|
Home | Issues | eMJA shop | Classifieds | Contact | More... | Topics | Search | Login | Buy full access |
→ Contents list for this issue
→ More articles on Emergency medicine
In reply: We welcome the opportunity to respond to issues raised by Hurley and Toncich. Australian, United States and European stroke guidelines based on level 1, grade A evidence recommend intravenous recombinant tissue plasminogen activator (IV-rtPA) for patients with acute ischaemic stroke (AIS) who meet specific inclusion criteria and present within 3 hours of AIS onset.1,2 Recombinant tPA is approved for this indication by the Therapeutic Goods Administration.
We obtained informed consent before thrombolysis, but recognise that this is challenging because of the urgent need to initiate treatment, rather than doubts regarding benefit.

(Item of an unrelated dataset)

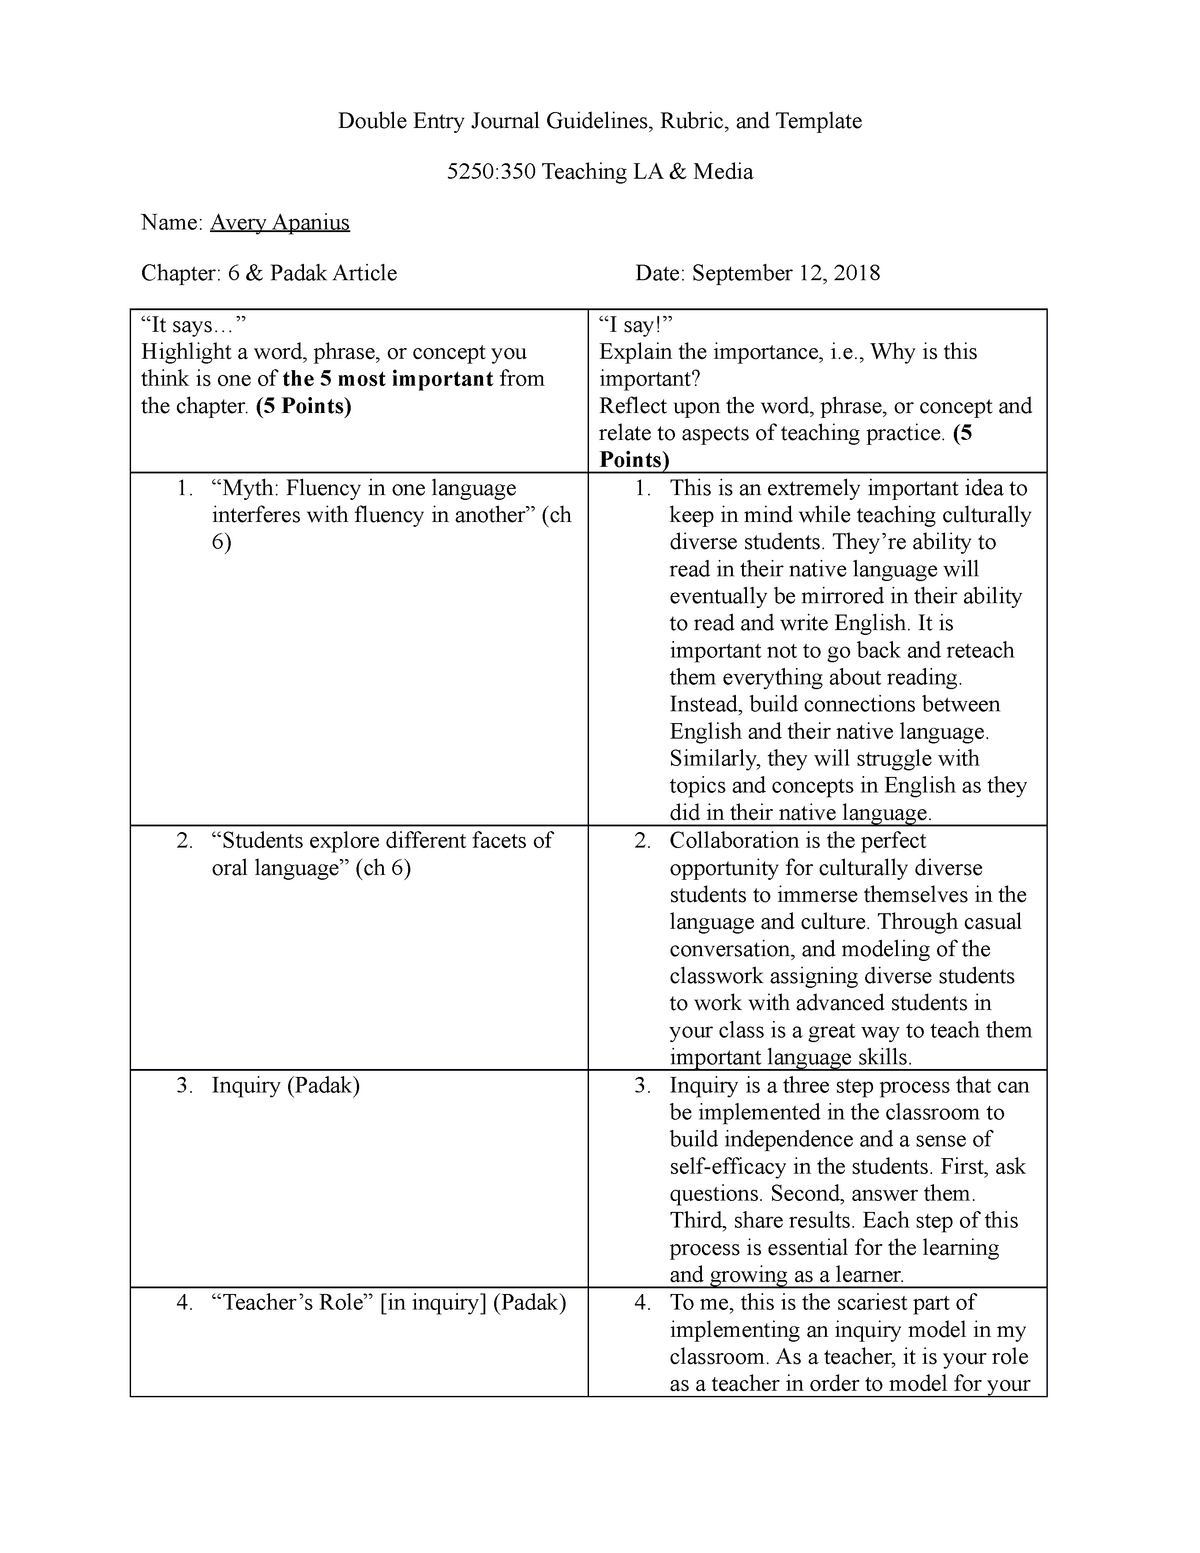 Double Entry Journal (ch23 and Padak Article) - Double Entry In Double Entry Journal Template For Word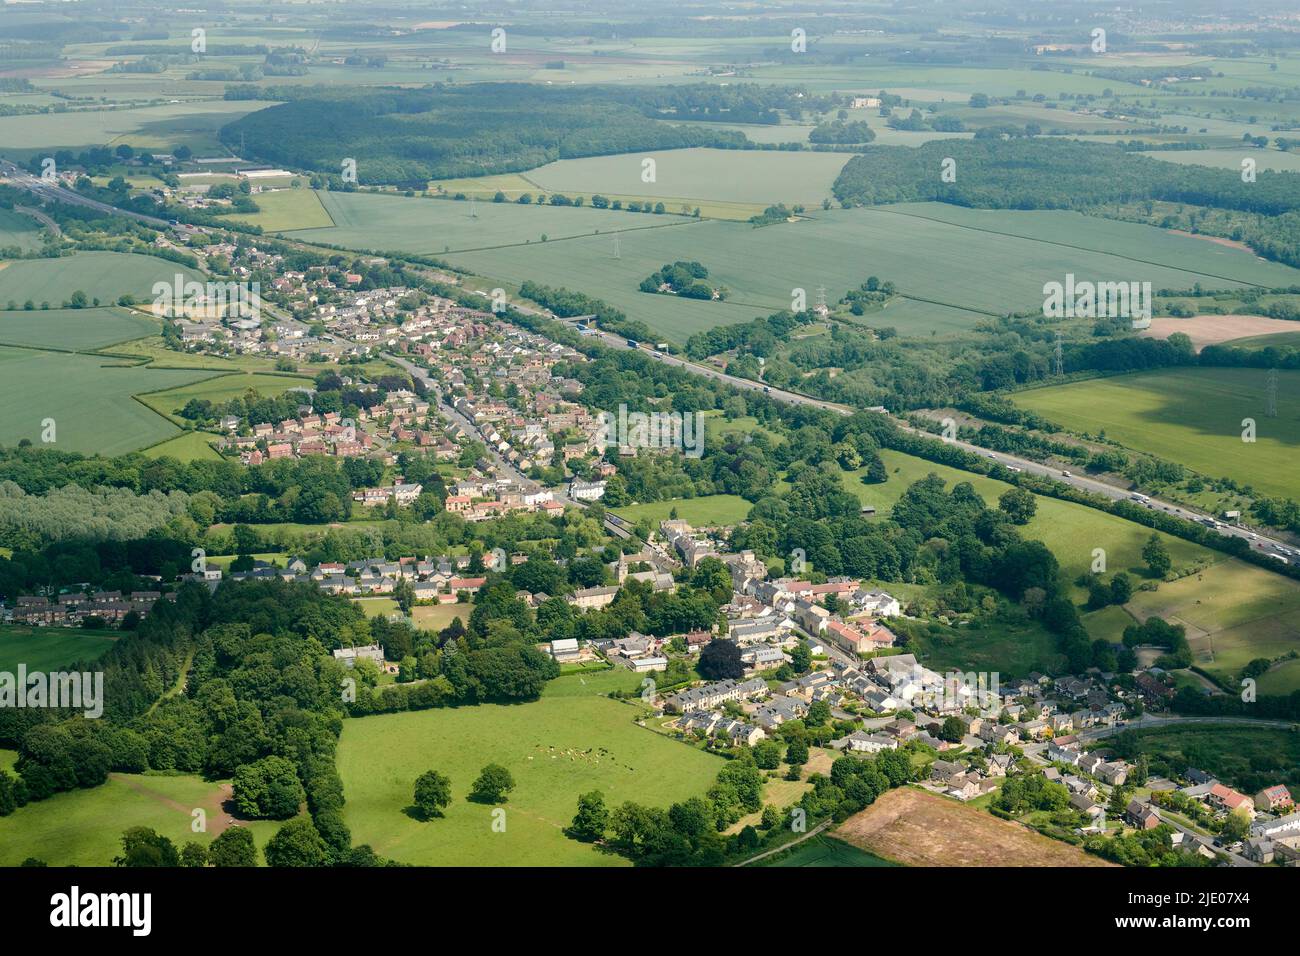 The village of Aberford, West Yorkshire, northern England, route of the old A1, adjacent to the new A1 Motorway, shot from the air Stock Photo

A Cochrane systematic review of eight randomised controlled trials (RCTs), which together comprised 2955 patients, concluded that IV-rtPA within 3 hours of AIS onset was more effective in reducing death or dependency (odds ratio [OR], 0.66; 95% CI, 0.53–0.83), with no statistically significant adverse effect on death (OR, 1.13; 95% CI, 0.86–1.48).3 The Third International Stroke Trial (IST-3), which Hurley cites to support his view that sub-3-hour stroke thrombolysis remains controversial, was in fact designed to address different issues: efficacy of rtPA given 3–6 hours after symptom onset and to those aged over 80 years, as well as imaging predictors of response.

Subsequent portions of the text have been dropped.